It is now late summer, and the ‘Recovering Ground’ exhibition is merely weeks away. Driftwood and bogwood, dried roots, gesso and jesmonite, palladium leaf, bone, graphite, tarnished silver leaf, French ultramarine and Prussian blue paint, acorns and charcoal, are all breathing ‘being’ into sculptures. There is also bronze in this collection, bronze poured on the shores of Loch Etive under a clear August sky. Now we are busy bringing language and sculpture together, inviting them to find their flow. It feels like alchemy. It’s sometimes hard, frustrating, it’s sometimes joyous. It is always an act of faith and it’s full of surprises. Collaboration is a process of dissolving boundaries, of vaporising ego, of staying open, and above all of being in love with the process.

Recovering Ground

‘You will love again the stranger who was your self’
Derek Walcott


When you come back to me
and call me by my name – Ruadh

I can breathe freely

when you stay long enough

for stillness to settle
I am unmuscled
in the softness of now.


Under a supple sky I rest
here where many places meet –

hawthorn and hill,
sea-loch and alder,
bog myrtle and river.

Under a supple sky I ache –
if I were the river this would feel like boulders moving

through the bed and breadth of me;
if I were a fox denned in the earth
it would be the liquid dark of my eyes.


Nan Shepherd, describing her playful experimentation with different ways of viewing the landscape – such as having her head upside down between her legs – writes in The Living Mountain: ‘Details are no longer part of a grouping in a picture of which I am the focal point, the focal point is everywhere. Nothing has reference to me, the looker. This is how the earth must see itself. ’Might this world, where the focal point is everywhere, be one in which us humans can know ourselves to be part of a whole, no more no less, and to treat that whole – the earth-sky-seas – as if it were the palm of a newborn’s hand, the underbelly of a horse. I said that vaporising ego is what collaboration demands of us, and yes, that’s been my experience, and yet the poem that I wrote – that wanted to be written – is written in the first person, and is personal as well as universal, on the theme of how we humans can abandon ourselves. I have sat with a discomfort around this: enough of the ‘I’, surely, I say to myself, and on it goes, the reflection upon reflection of ‘I’, the echos of one’s own mind. But there it is, this poem, written in first person, and resisting despite my attempts, at being written in any other way.

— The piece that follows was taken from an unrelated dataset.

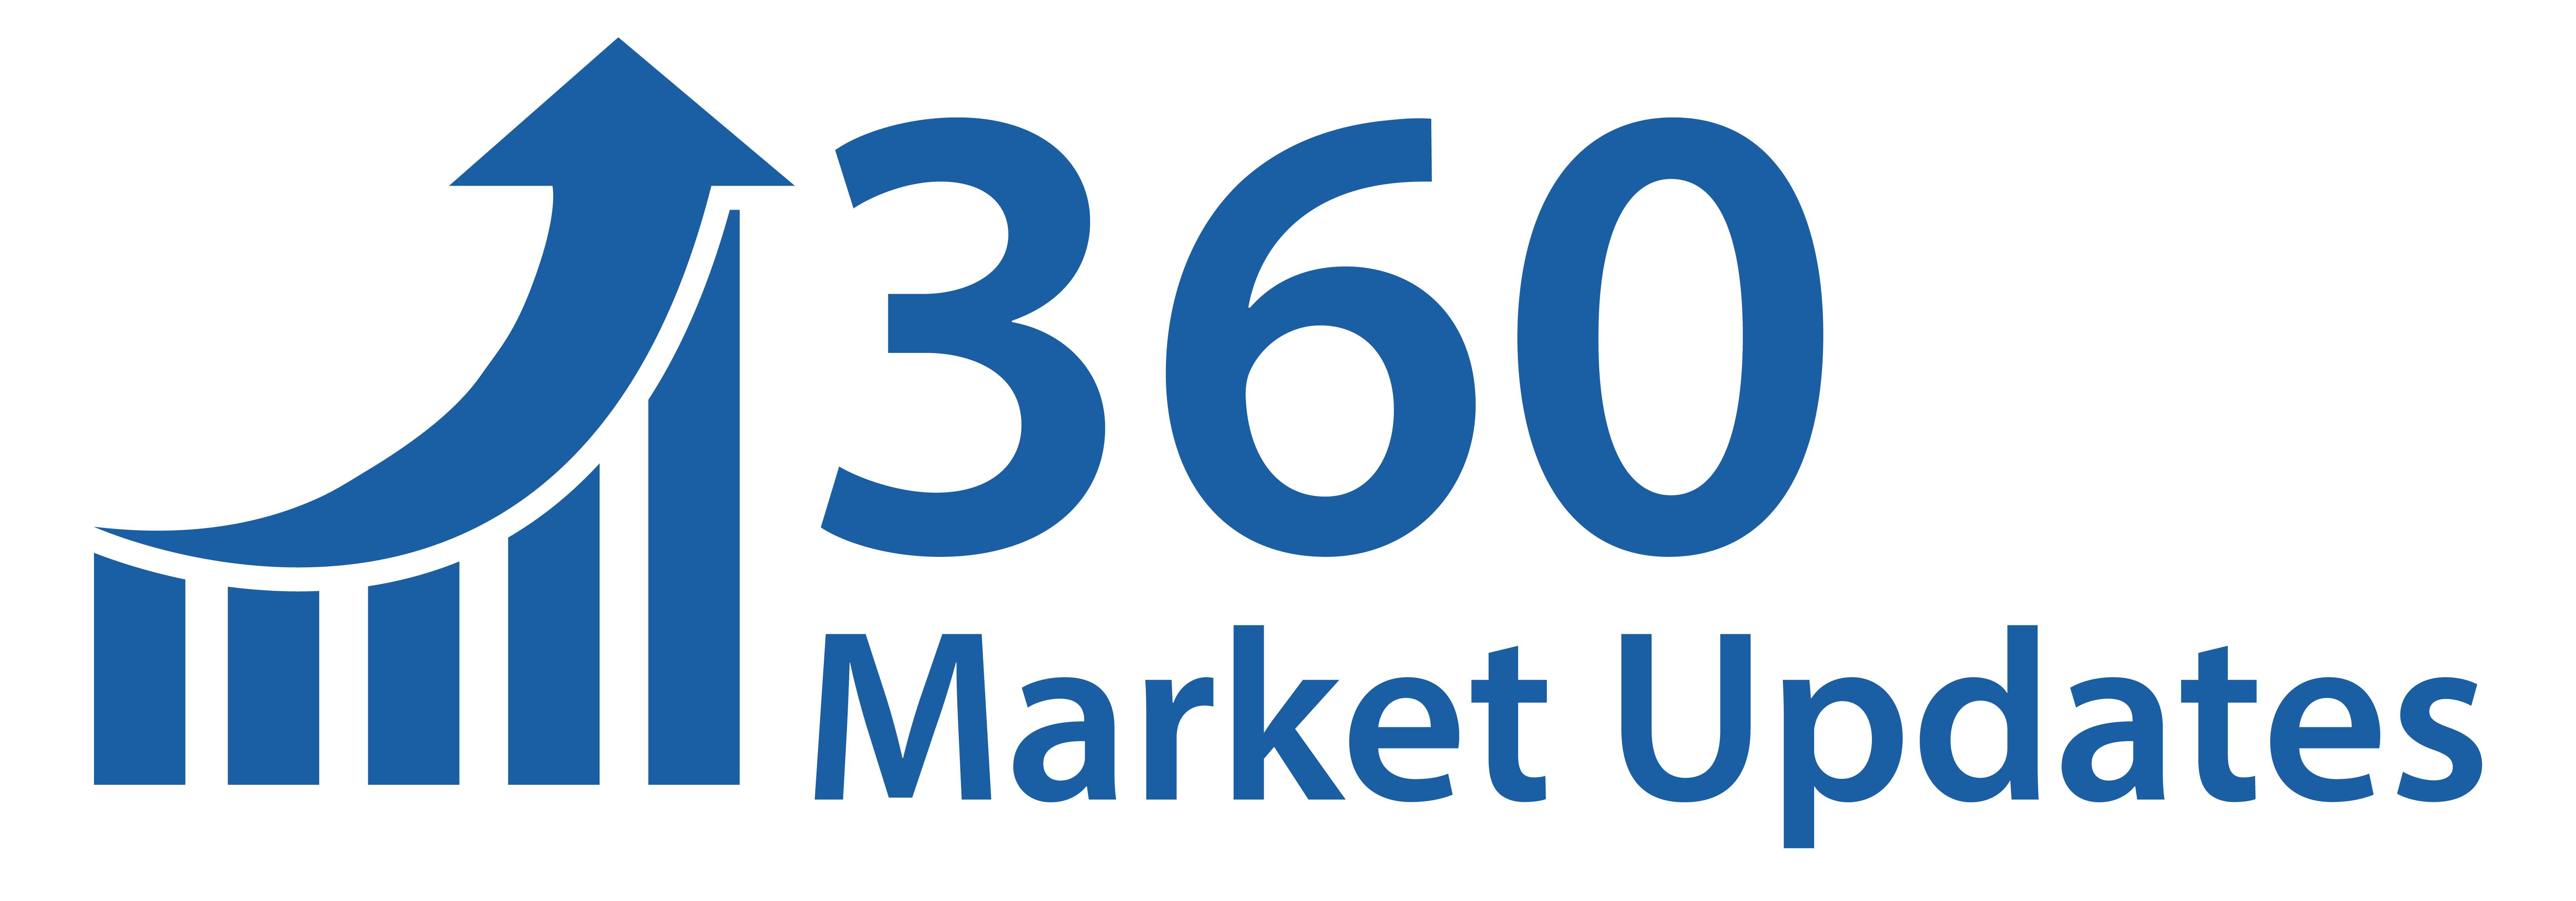 Save Grain Bags Market 2020 Global Leading Players, Branchen-Updates, zukünftiges Wachstum, Geschäftsaussichten, zukünftige Entwicklungen und zukünftige Investitionen bis 2025

By honouring the poem, by listening to the poem, by staying with the poem, I come face to face with my own shame around placing selfhood at the centre. This is partly why I am writing this essay, as a response to, and inquiry into, the shame that creeps in. It is a familiar shame, an old shame. Even the wording for the Future Places Environmental Essay and Poetry Prize brings it up in me: ‘This is much less nature and nature writing as a vehicle for personal recovery, and much more about the essay and poetry as restorative acts in the field of literature.’ There is shame, there is also confusion; why can’t the essay and poetry be both a vehicle for personal recovery and a restorative act in the field of literature? In fact, are they not completely intertwined; when the climate emergency has been created by humans, do we not need to look to ourselves to sort it out? To do that is it not important to get our own houses in order, to get our shit together? Kae Tempest writes in their book On Connection: ‘And anyway, what is the difference between self-knowledge and self-obsession? One encourages the defeat of the ego, the other encourages a feeding of the ego. One, a deeper experience of connection to ourselves, which enables a more nourishing connection to others. The other, disdain for the deeper needs of the self, which leads to disdain for others.’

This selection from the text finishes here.